In summary, our samples demonstrated the presence of all PP components, suggesting a potential contribution of these enzymes to the Warburg effect. However, distinct roles were observed for AKR1B1 and SORD despite their involvement in the same pathway.
Immunohistochemistry
To further confirm the observed expression of PP enzymes at steady-state protein levels, we performed several immunohistochemical analyses for SLC2A5, AKR1B1, and SORD in the 12 CRC samples treated or not with a glucose load prior to surgery (Fig. 2G–I). All examined CRC samples exhibited significant expression levels of SLC2A5, AKR1B1, and SORD. The staining showed in all cases a significant expression in cancer cells, as compared to stromal tissue, further supporting the involvement of the PP enzymes in CRC samples.
Serum metabolite profiles
To further investigate the impact of glucose loading on the PP, an observational prospective study was conducted.
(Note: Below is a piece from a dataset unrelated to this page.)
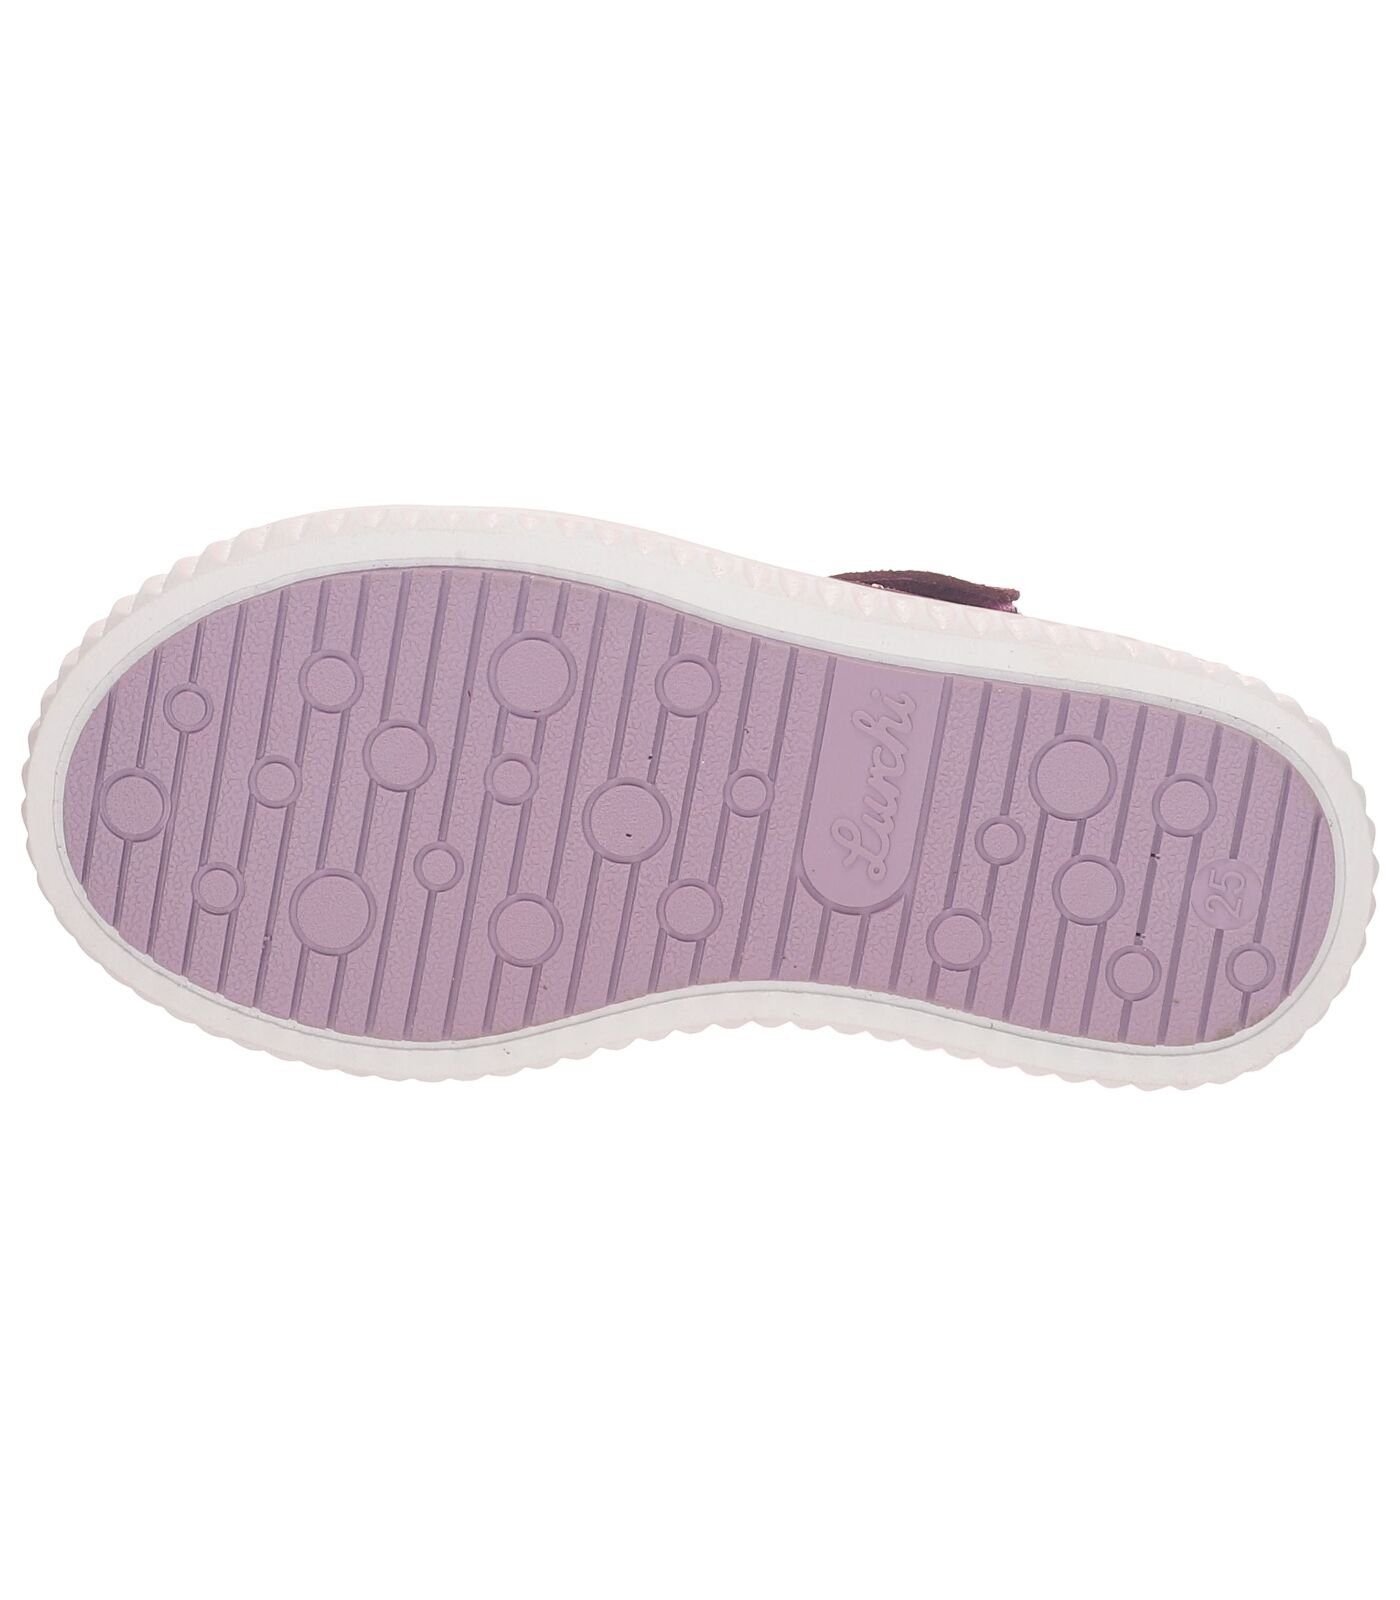 Salamander Lurchi Sneaker Veloursleder/Textil purple (19102156) Sneaker deep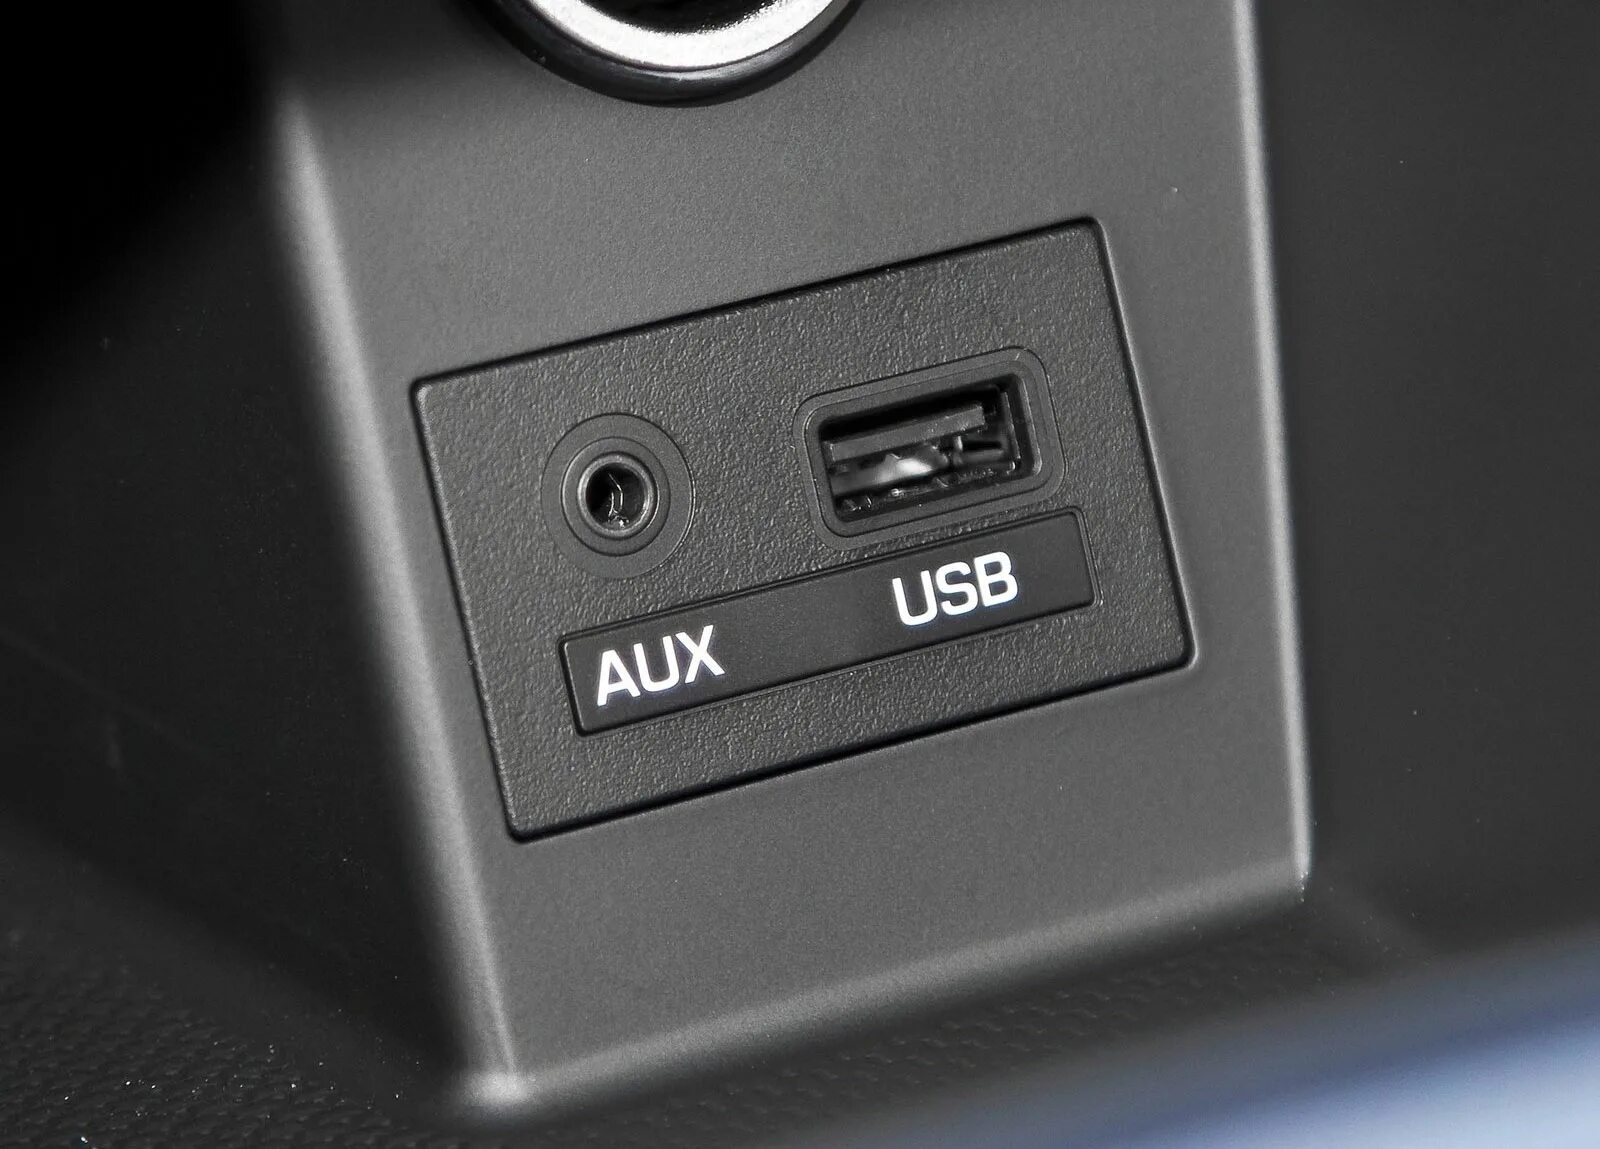 Вход для автомобилей. Aux USB Hyundai ix35. 2usb/aux для q5 FY. USB aux разъем для авто TLC 150. Разъем Hyundai для aux USB.

This study enrolled 12 patients diagnosed with gastrointestinal tumors, spanning various tumor sites including the hepatic flexure, sigma, rectum, recto-sigmoid junction, colon, and liver (Table 1). Patient recruitment was sequential and not based on other criteria. Inclusion criteria mandated histopathological confirmation of CRC and no prior chemotherapy or radiotherapy to minimize confounding factors.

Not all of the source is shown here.